Fretheim's book is a marvelous example of inductive logical organization and rational approach to a complex topic.  His argument is well-formed and easy to follow.  The reader may be confused as to why a book called The Suffering of God takes over one hundred pages to actually discuss any pain endured by the deity, but Fretheim is not rushed into embracing a position before laying the biblical and philosophical groundwork necessary to support that position.   Indeed, laying the foundation is the difficult part.  After chapter six, the reader already anticipates the conclusion.

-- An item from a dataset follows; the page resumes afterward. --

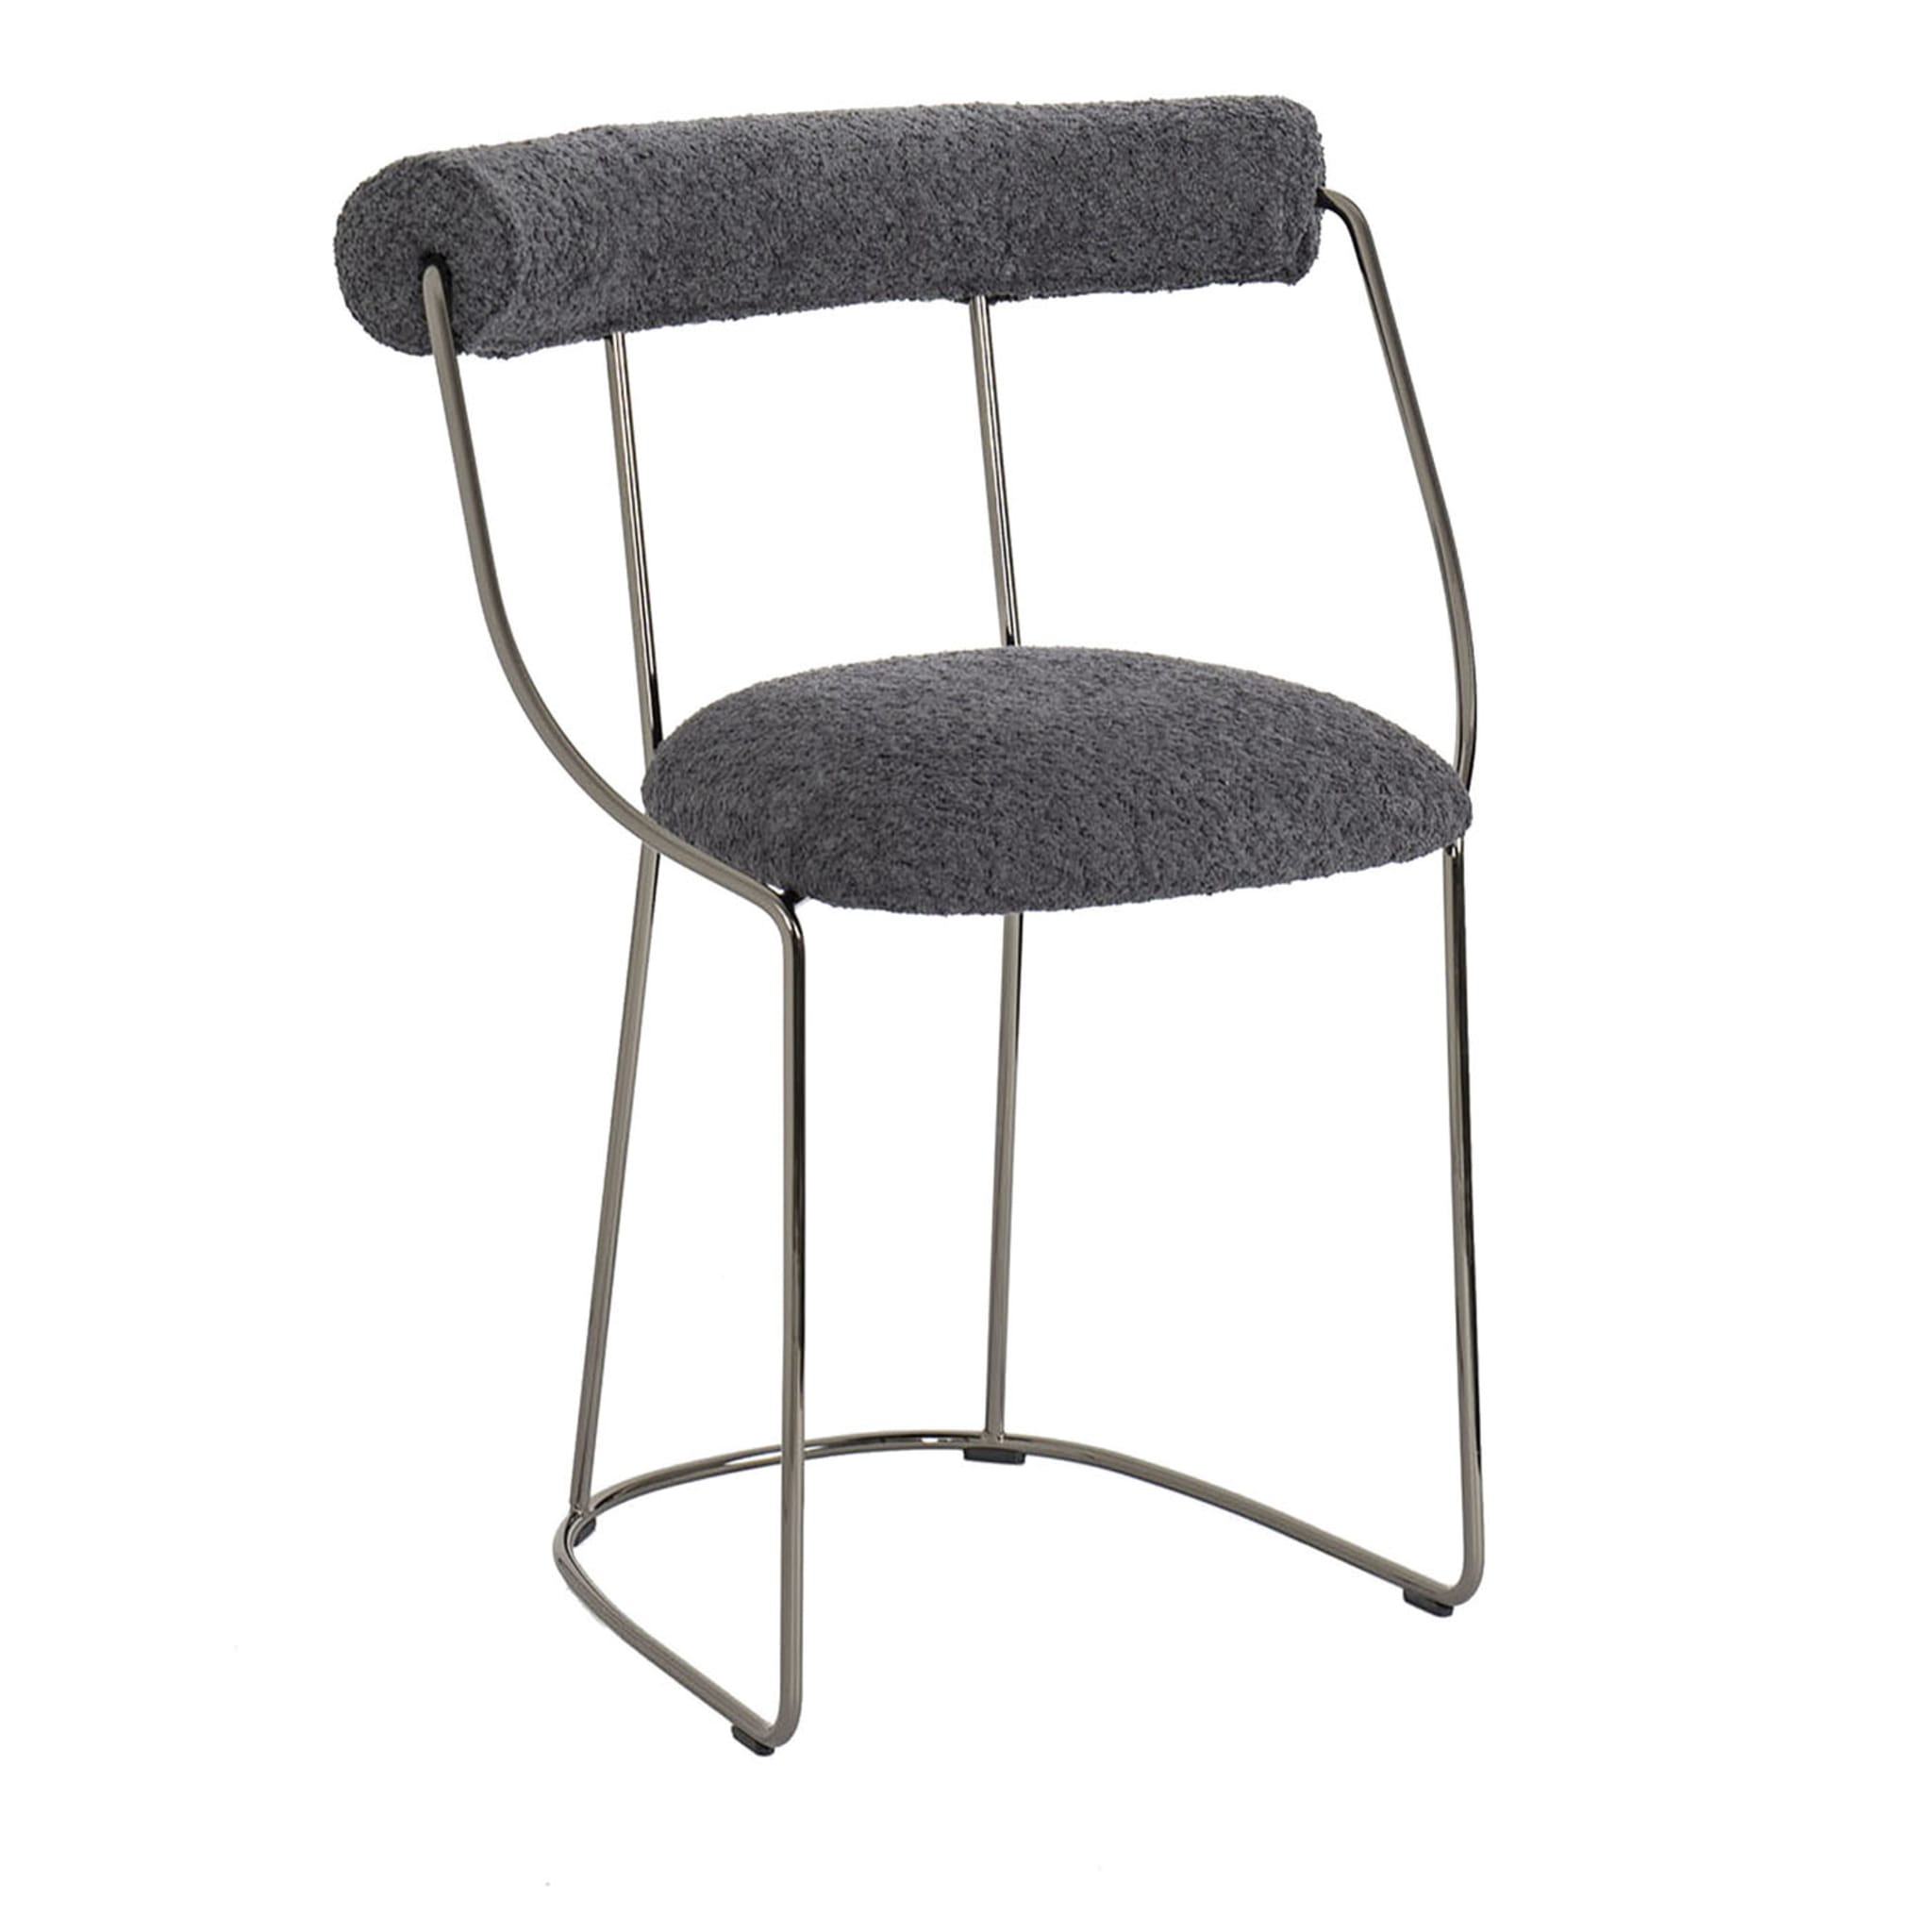 Fran Ultrablack Chair - Main view

The author is conversant with a wide range of modern scholarship as evidenced by his excellent endnotes and bibliography.   The relative brevity of the book is amazing considering the wide range of topics addressed.  Here again, Fretheim's organizational skills are at work.  When a related but unessential issue arises, he usually adds a note to refer the reader to good sources on the topic and continues on without interrupting his argument.
One of the nicest things about this work is its energetic and engaging style.  Fretheim hopes this book will change the church's view of God in the Old Testament, and readability is essential to influencing preachers and teachers within churches.  The provocative nature of the topic and Fretheim's willingness to make bold claims leads the reader into dialogue with the text.  Ward characterizes it as “bold and challenging, inviting vigorous response,” saying that the margins of his review copy are “filled with comments”   While the content is too technical for direct use in most church settings, the ideas that Fretheim lays out can easily be transferred to a sermon or Bible class.  Certainly, The Suffering of God is not a popular level book, but it is also not so technical as to exclude ministers or seminary students from its audience.

Critiques 
While reviews have been very positive, they have raised three serious critiques of the work.  First, in his effort to emphasize the imminent and relational nature of God, Fretheim neglects to adequately address themes like holiness as a balance to his relational theology.  Without the tension provided by God's holiness, relational theology can be pushed too far, and Fretheim sometimes is guilty of this.   Dale Patrick points out that while Fretheim does not deny that much of the God-talk in the Old Testament does fit into the traditional paradigms which emphasize holiness, sovereignty, and transcendence he ignores these elements claiming that the organismic is predominant.  Patrick argues that the task of biblical theology is to present a comprehensive image of God rather than simply a prominent one.   Some have claimed that Fretheim's process theology (a term Fretheim himself never embraces) is to blame for the lack of material on holiness.   However, given Fretheim's presupposition that transcendence and sovereignty have been overemphasized, it is easy to see why he doesn't spend time affirming them.  His stated goal is not to replace ideas of holiness, but to bring balance to them.
As previously stated, Fretheim uses a wide variety of texts to support his position, but the vast majority of these come from the Psalms and the prophetic literature.  As Elizabeth Bellefontaine notes, Israel's wisdom traditions are conspicuously absent.   Despite his heavy criticism of those who “remove certain materials from the OT theological repertoire” for the purposes of theological convergence (p. 20), Fretheim himself offers a nod to the wisdom literature and then completely ignores it.  This would be less relevant were it not for the fact that much of the wisdom literature stands in tension if not opposition to his own theology.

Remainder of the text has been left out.